In classic tree structure, each node contains its own data. In most usecases, once a tree's shape is determined and a node is located, node data is accessed and updated frequently but tree shape changes less frequently.
In mordern functional programming world, a new tree is generated even when just a minor update. In NodeShapes, as data is flattened, access and update will be more efficient and less error prone. Through partitioned structure, storage, access and manipulation in data store would be more efficient as well.
Partitioned node and tag data
NodeShapes requires node or tag data to be assigned to a partition identified by a unique partition id. The reason is that in many cases, a subtree has semantic meaning and the data should be grouped together for batch loading and writing.
And also different data might need to be stored in different repositories.

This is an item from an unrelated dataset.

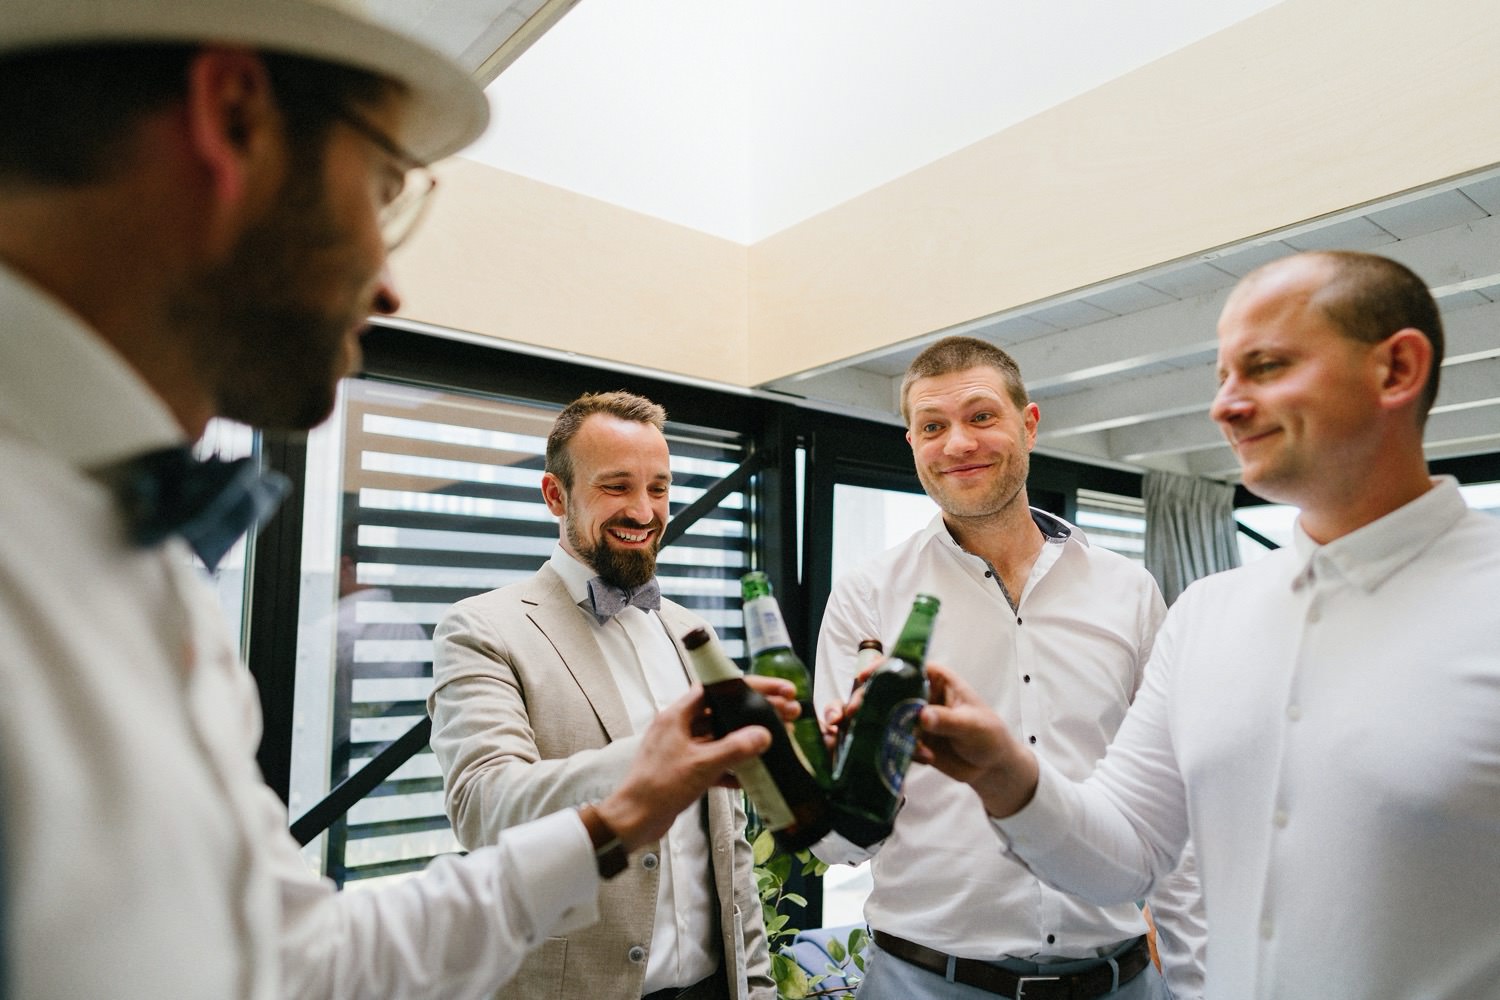 Der Bräutigam stößt voller Vorfreude im malerischen Ferienhaus in Zandvoort mit seinen besten Freunden mit Bier an. Ein intimer Moment des "Getting Ready" vor der Hochzeit, gefüllt mit Freundschaft und Vorfreude auf den besonderen Tag.

For example, a node that represents a long article, the article might be a flat file, while a node that represents some statistics, its data might be stored in a datawarehouse. With partition key design, user can patition data storage and access according to the nature of data and infrastructure.

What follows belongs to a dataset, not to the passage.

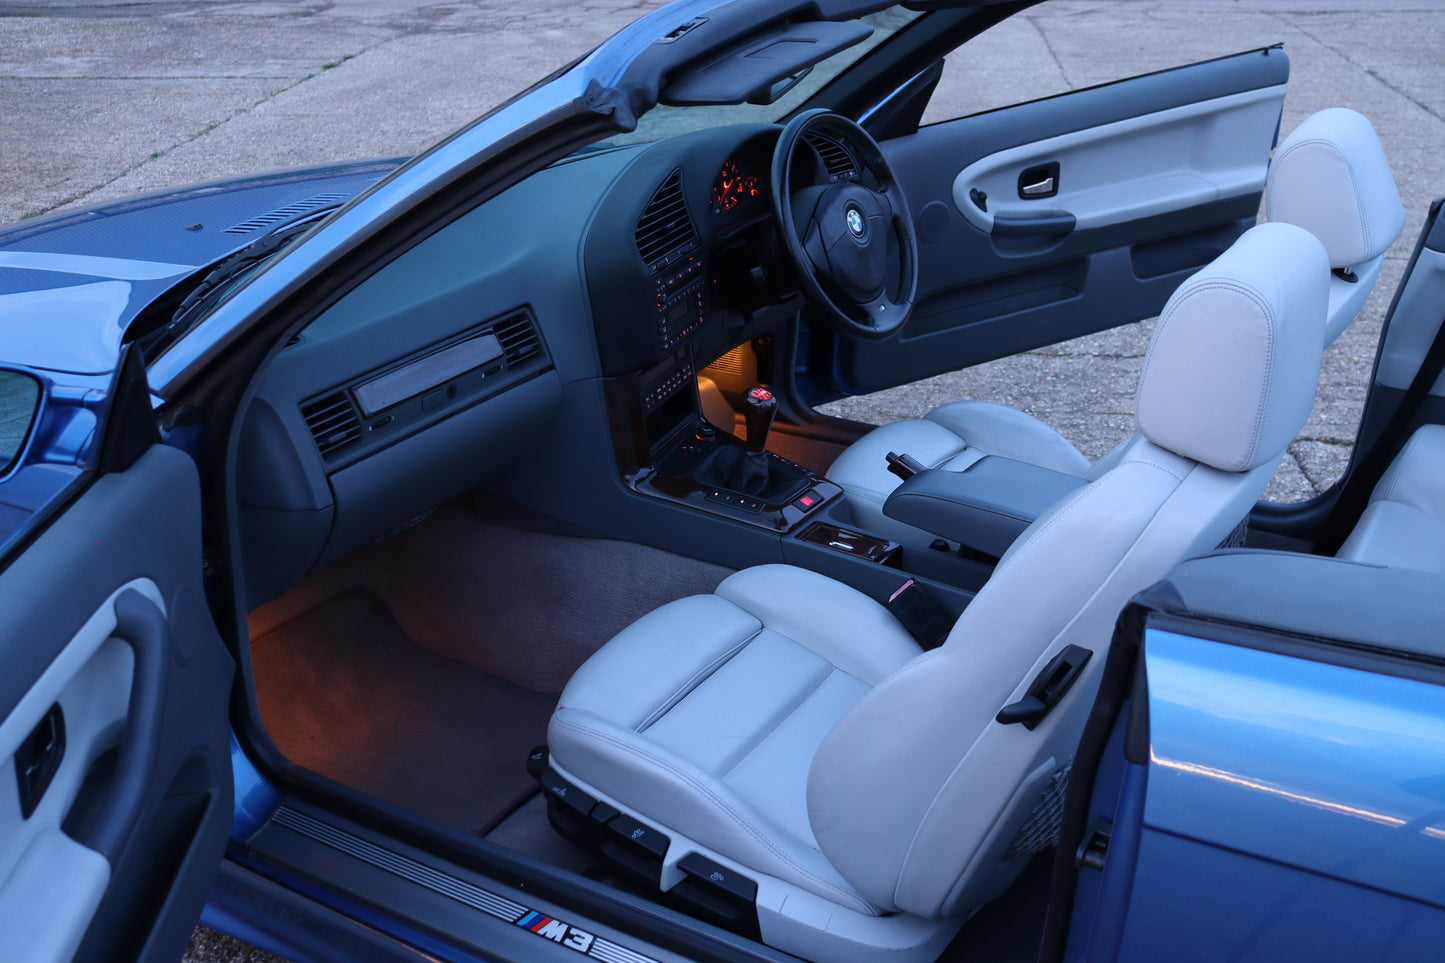 BMW E36 M3 Evo Convertible

How parition id is generated is entirely up to you. A simple example is that if you use NodeShapes for web site data structure, you can partition data by web page id so that an entire page's data can be retrieved in one round fetch for effective page renderring.
Explict tags wrapping node
When working on UI tree, it is often needed to wrap multiple tags on a node, for example, <a href='https://a.nice.site.com'><em>Nice</em></a>
. And each tag also has its own data, such as style and attributes.
NodeShapes explicitly support tags wrapping around node and provdes functions to manipulate tags and data. It is ideal for UI data structure or any other use cases where flexible decoration on node is needed.
Once wrapping is decided, UI designer needs to tune tag styles constantly but not so often to change tag wrappings. NodeShapes requries each tag has an unique UUID as well and put its data inside the flattened data partition too. This makes it easy and efficient to update tag's styles and attributes.
Plain JavaScript object data structure and functional manipulation
NodeShapes uses plain JavaScript object and all manipulation functions built in are functional. So that it can be used with any TypeScript / JavaScript library, such as React Redux. And you can also use your own favorite data manipulation library to manipulate the data as well.
Internally Nodeshapes uses the excellent optics library optics-ts.